Madrid – With her traditional headscarf and eyeglasses, Aminatou Haidar, 42, looks like an ordinary Western Saharan mother of two.

But the iron will of the award-winning activist nearly caused a diplomatic crisis between Spain and Morocco as she defied both countries with a 32-day hunger strike.

Haidar was expected to end her hunger strike as she finally returned early Friday from the Spanish island of Lanzarote to Moroccan-controlled Western Sahara.

Haidar’s protest against Morocco’s refusal to allow her to return home had mobilized the United Nations, the United States, France and the European Union in diplomatic attempts to solve the crisis.

The “Haidar case” could even help to relaunch talks between Morocco and the Western Saharan independence movement Polisario Front, whose views Haidar is close to, analysts said.

Haidar supports the independence of the desert territory which Morocco snatched after the colonial power Spain withdrew from there in 1975.

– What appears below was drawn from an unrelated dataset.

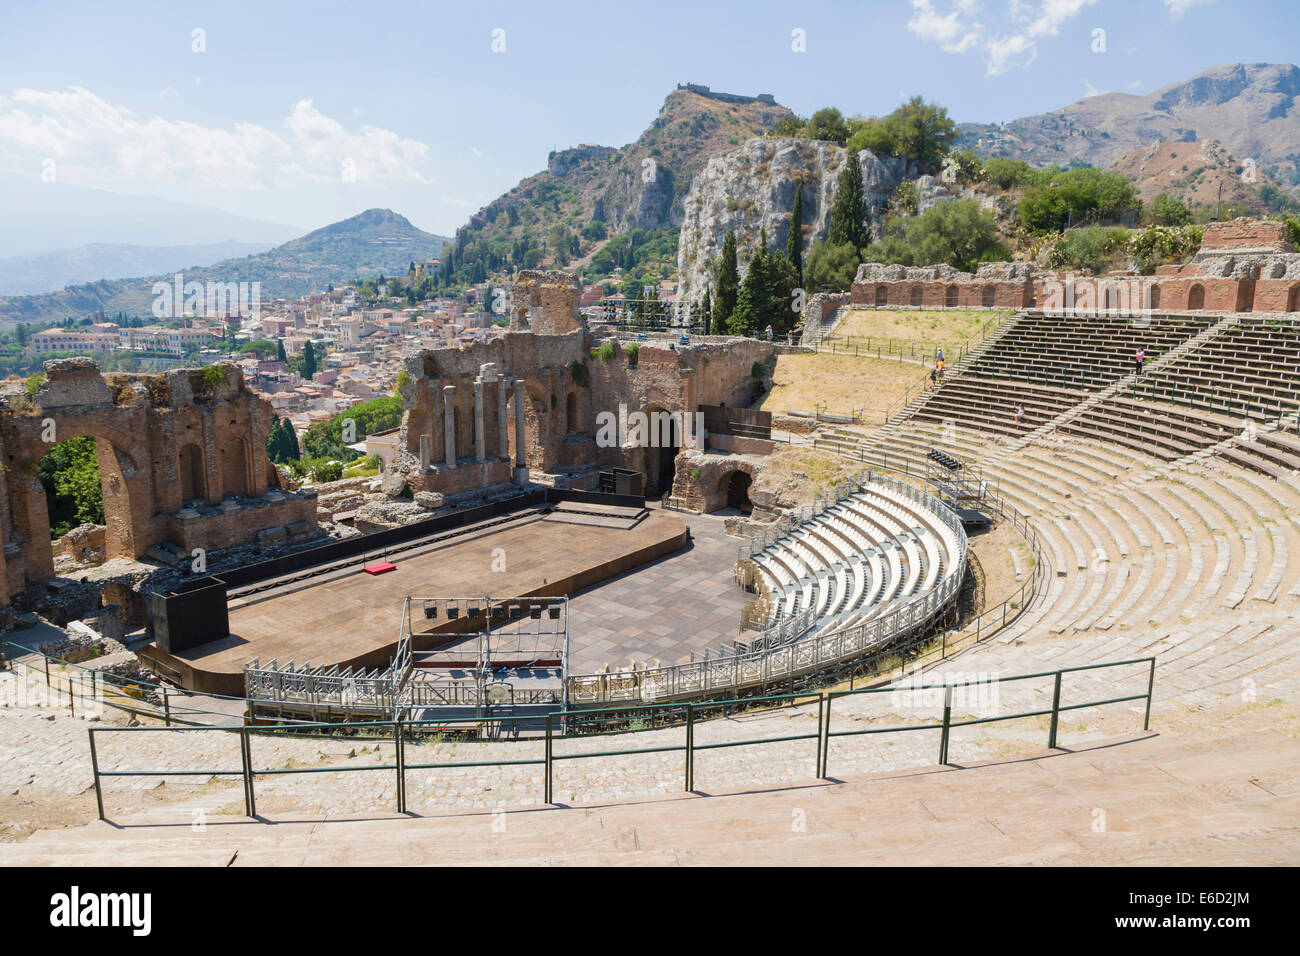 Teatro Antico di Taormina, ancient theatre, Taormina, Province of Messina, Sicily, Italy Stock Photo
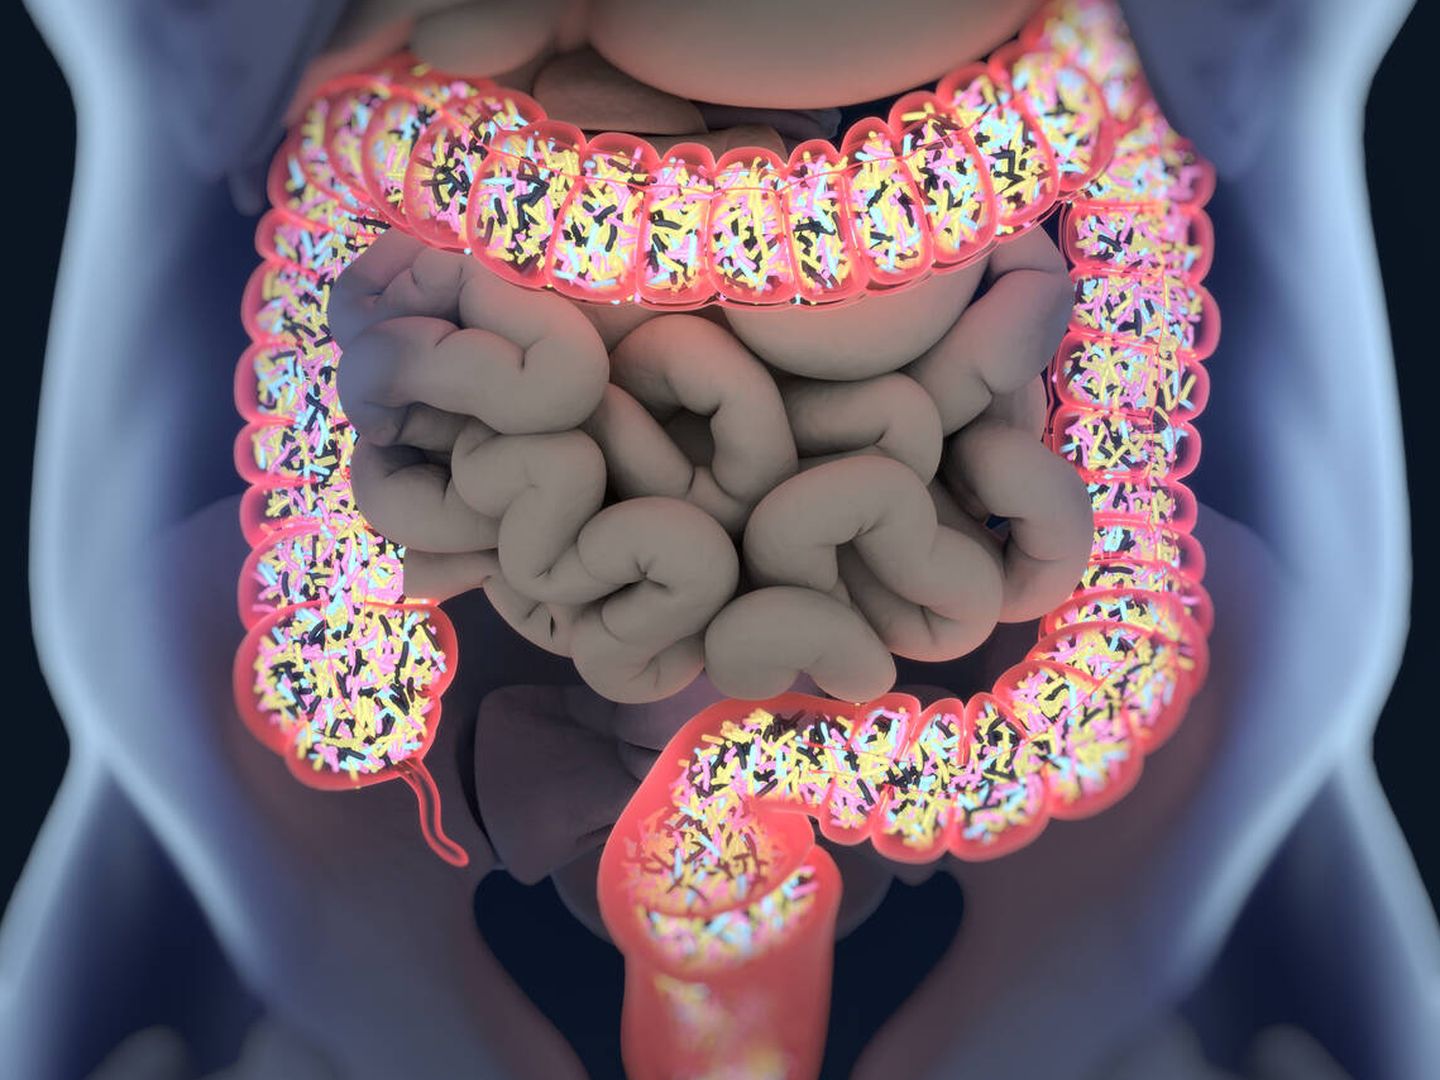 Cualquier desequilibrio en la microbiota intestinal puede tener un reflejo más o menos grave en la salud. (iStock)

When Haidar embarked on a plane for the Western Saharan capital Laayoun on Thursday night after a month-long battle of wills against Morocco, hundreds of supporters cheered her at the airport.

International pressure had apparently forced Rabat to allow her to return to Laayoun, where she had been refused entry in mid-November.

“This is a triumph, a victory for … human rights, international justice and the Saharan cause,” Haidar said.

Haidar supporters claimed Morocco had allowed her to return without conditions, but details about the alleged agreement between Spain and Morocco were not clear.

The situation initially began developing at Laayoun airport as Haidar returned via the Canary Islands after receiving a civil courage award in the United States. Morocco barred her entry, because she announced her residence as Saharan instead of Moroccan. The authorities seized her passport and deported her to Lanzarote, insisting she could not get a new passport until she admitted to being a Moroccan national.

Haidar, who has spent years in Moroccan jails, reportedly undergone torture and endured a previous hunger strike, soon showed she was prepared to die for her cause.

Spanish offers to grant her a Spanish passport, Morocco’s intransigeance, the anguish of her children and mother back in Laayoun – nothing was sufficient to make the activist ingest anything more than sugar water while her health deteriorated.

She drew support from numerous Spanish celebrities while Madrid lobbied the United Nations and the United States to become involved in efforts to save her life.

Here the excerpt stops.